Tarification à l'activité
Un syndicat de cliniques monte au créneau


LE SYNDICAT de cliniques en médecine, chirurgie, obstétrique (SCSCom) dénonce une mise en œuvre inéquitable de la T2A, la tarification à l'activité, selon le type d'établissement.
Les hôpitaux publics et privés participant au service public hospitalier (Psph) viennent d'être informés par le ministère de la Santé des tarifs de soins qui leur seront imposés en 2004, alors que les cliniques privées devront attendre le mois d'octobre pour connaître leurs nouveaux tarifs, déplore le syndicat dans un communiqué. « Quel est le chef d'entreprise qui sait comment gérer un établissement de 200, 300 employés ou plus sans connaître le montant des tarifs de ses prestations ? », questionne SCSCom, qui qualifie d'« irresponsable » l'attitude du gouvernement. Olivier Toma, trésorier de SCSCom et directeur de la clinique Champeau à Béziers, est inquiet : « Ne pas connaître nos tarifs nous plonge dans une situation impossible à gérer, explique-t-il. Car comment faire un plan d'investissement, un contrat d'objectifs et de moyens quand on est incapable de fournir un prévisionnel d'activité ? De nombreuses cliniques se trouvent coincées face à leur banquier. » Olivier Toma aurait souhaité que les cliniques, qui basculeront complètement dans la T2A en octobre 2004, apprennent dès à présent leurs nouveaux tarifs, à l'instar des hôpitaux, « dont seuls 10 % de leur activité sera tarifée sous forme de T2A », rappelle-t-il.
La direction de l'Hospitalisation et de l'Organisation des soins (Dhos) précise qu'une telle démarche aurait été impossible : « Les négociations annuelles des tarifs des cliniques ont lieu en ce moment comme d'habitude ; ces tarifs seront connus en mai et seront fixés selon l'ancienne formule, avec des prix de journée, des frais de salle d'opération, etc.

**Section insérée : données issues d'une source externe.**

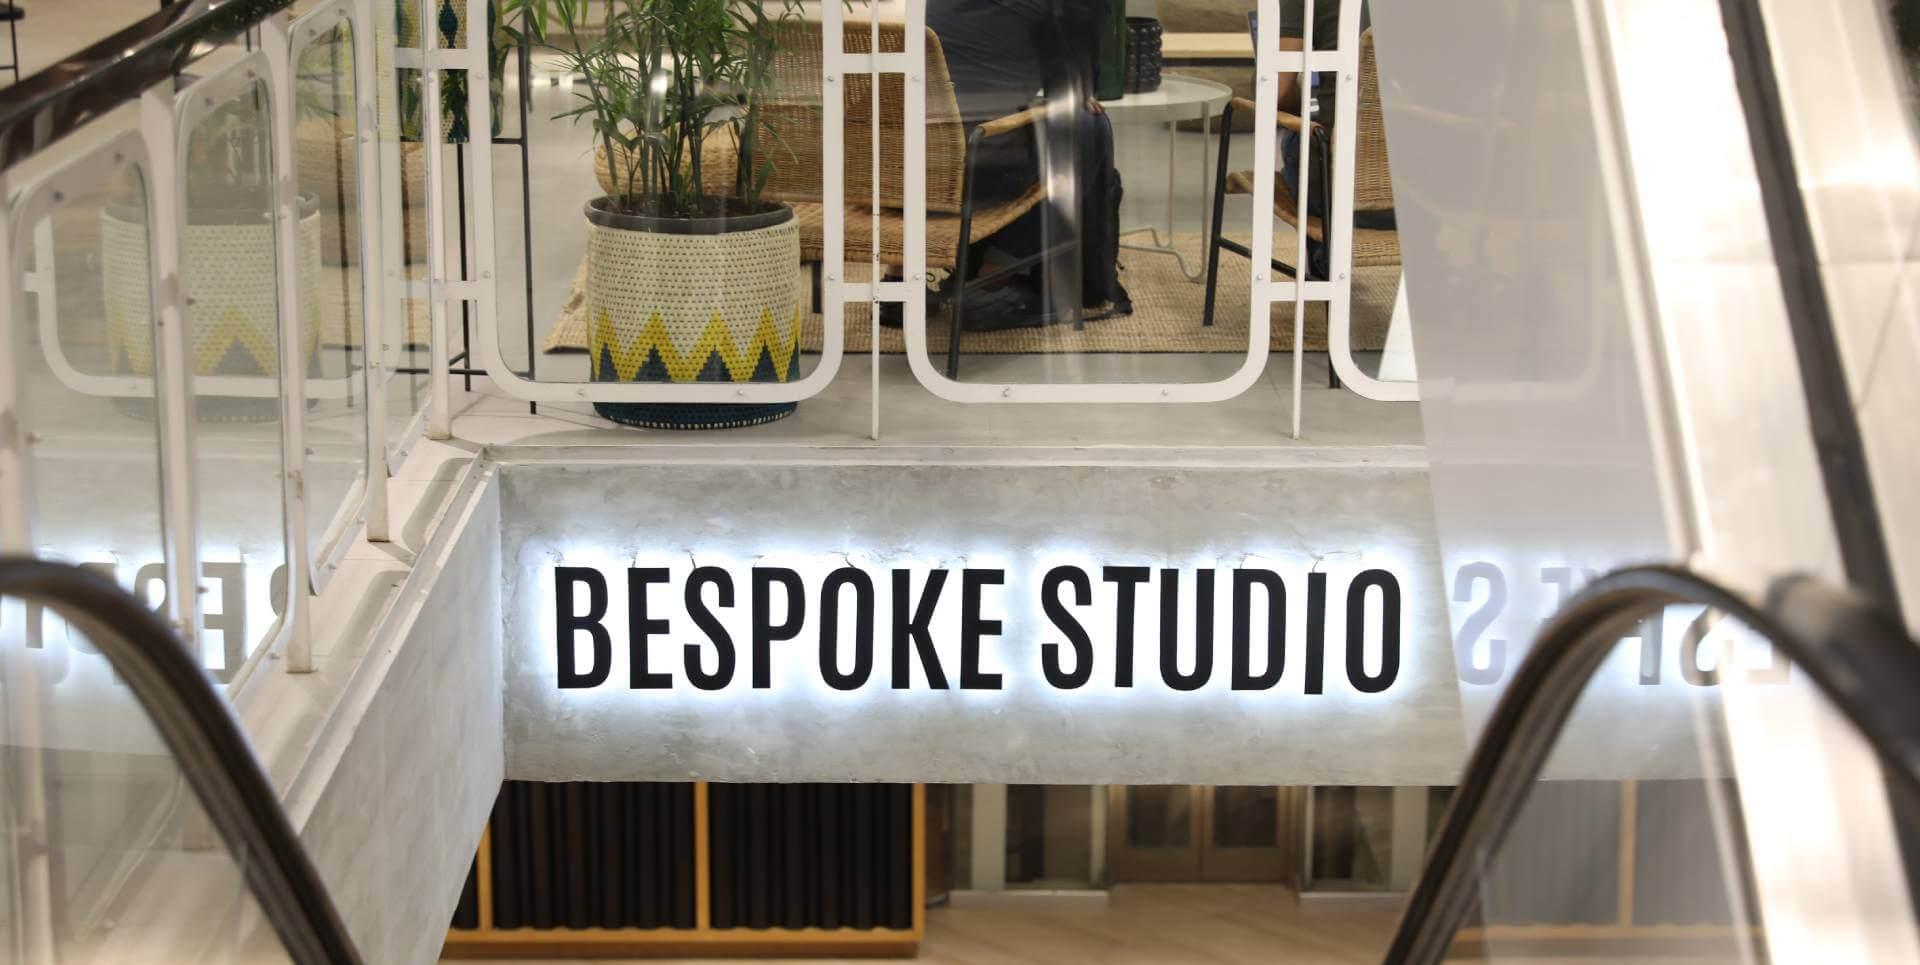 Bespoke Studio

C'est en fonction de ces tarifs, valables jusqu'en octobre, que la Dhos fixera les nouveaux tarifs des cliniques dans le cadre de la T2A. Les cliniques seront informées en septembre de leur montant. Le raisonnement est différent pour les hôpitaux, qui devaient avoir connaissance de leurs tarifs le plus tôt possible car leur budget est annualisé. »
La Dhos réfute le fait que la T2A mette dans l'embarras les cliniques privées. « Une clinique qui a des problèmes avec son banquier aujourd'hui était déjà en difficulté avant, c'est sans rapport avec la réforme », estime la direction de l'Hospitalisation, qui, si elle comprend « l'inquiétude, légitime, des cliniques », tient à les rassurer en rappelant qu'il est prévu « un coefficient correcteur MCO, individualisé par établissement, qui lisse l'entrée dans le dispositif ». A défaut d'être fixé dès à présent, Olivier Toma demande que l'on applique aux cliniques en octobre les mêmes tarifs que ceux que le gouvernement vient de fixer pour les hôpitaux.